Indiana Insurance Commissioner Stephen Robertson worried that amount of revenue loss could chase insurers from the Indiana market, leaving consumers fewer options. So he asked for a waiver that would delay implementation of the new rule. The U.S. Department of Health and Human Services is considering Indiana’s request.
The estimated refund amounts were calculated for Robertson’s agency this month, based on health insurers' most recent annual filings, to see how close insurers were to meeting new guidelines that require them to spend at least 80 percent of premium revenue on medical bills.
Only 19 of the 63 companies writing individual health insurance policies in Indiana have been meeting the 80-percent standard. The other 44 companies in the state would have to give rebate checks to their consumers to make up the difference between what they actually spent on medical care and the 80-percent threshold.
Those 44 companies cover 94 percent of the nearly 200,000 Hoosiers covered by individual health insurance.
The state’s behemoth, Indianapolis-based Anthem Blue Cross and Blue Shield, is fairly close to the mark, spending 76.6 percent of premiums on medical bills. At that rate, it would have to refund a total of $9.3 million to the nearly 115,000 people it covers under individual policies. Those refunds would amount to about $81.50 per person.
Indianapolis-based Golden Rule Insurance Co. would have to pay back $4.6 million to its customers, an average of $255 per person insured. Golden Rule, a subsidiary of Minnesota-based United Health Group, currently spends about 64 percent of premiums on medical bills.
One company already exceeding the 80-percent rule is American Family Mutual Insurance Co. It spends 83.4 percent of premiums on medical care, and so would pay no rebate.
Even though the medical-loss threshold took effect in January, rebates will not be paid out until next year based on 2011 data. But if the health insurers' spending rates remain steady throughout this year, total rebates would equal nearly 7 percent of the $423 million in annual premiums insurers have been charging.
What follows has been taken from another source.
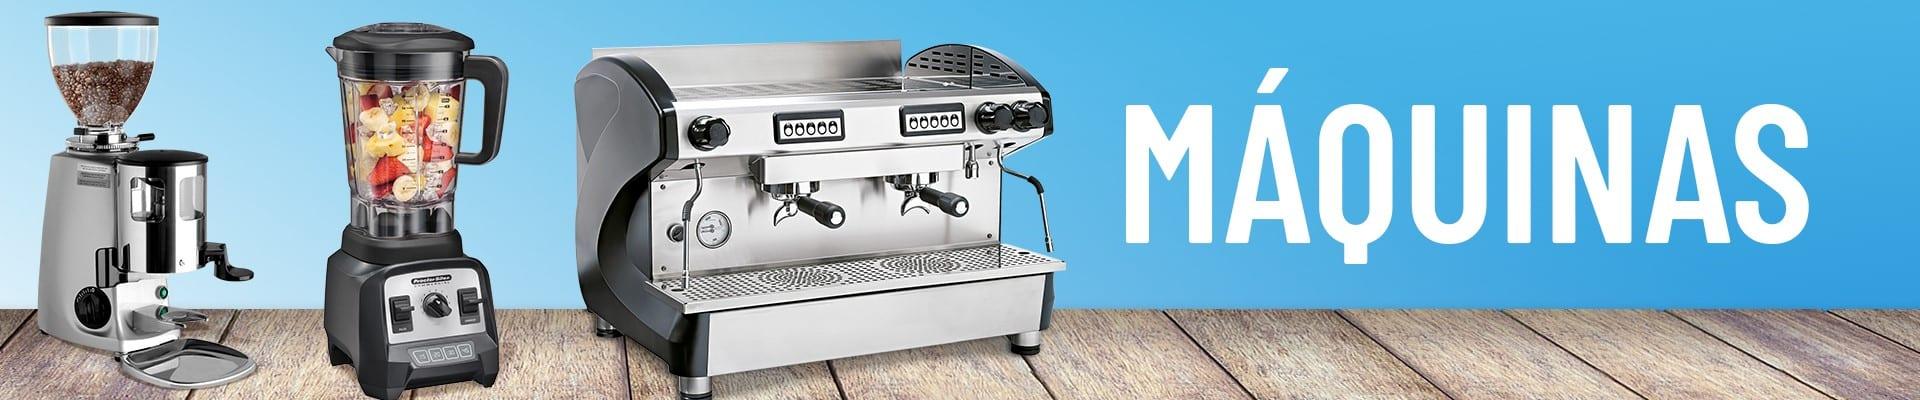 Máquinas para cafeterías

To avoid paying rebates, insurers must reduce their prices or enrich their benefits.
Robertson clearly does not like the new law, called the Patient Protection and Affordable Care Act. He worries that some insurance carriers will stop competing in Indiana.
“Like the rest of Gov. Daniels’ administration, our agency continues to fully support the lawsuit filed by Attorney General Greg Zoeller on behalf of our state that challenges ACA’s constitutionality, but if it remains the law of the land, I must do everything in my power to protect Hoosiers and the health insurance market from its unintended consequences,” Robertson said in a statement.
He said nearly 10 percent of insurers offering individual policies in Indiana already have decided to leave the state.
So Robertson wants HHS to phase in the 80-percent rule, beginning at 65 percent this year and not rising to 80 percent until 2015. In addition, he wants the 80-percent rule waived for new market entrants until 2015.
Robertson also wants consumer deductible health plans, such as health savings accounts, to be exempt from the 80-percent rule indefinitely.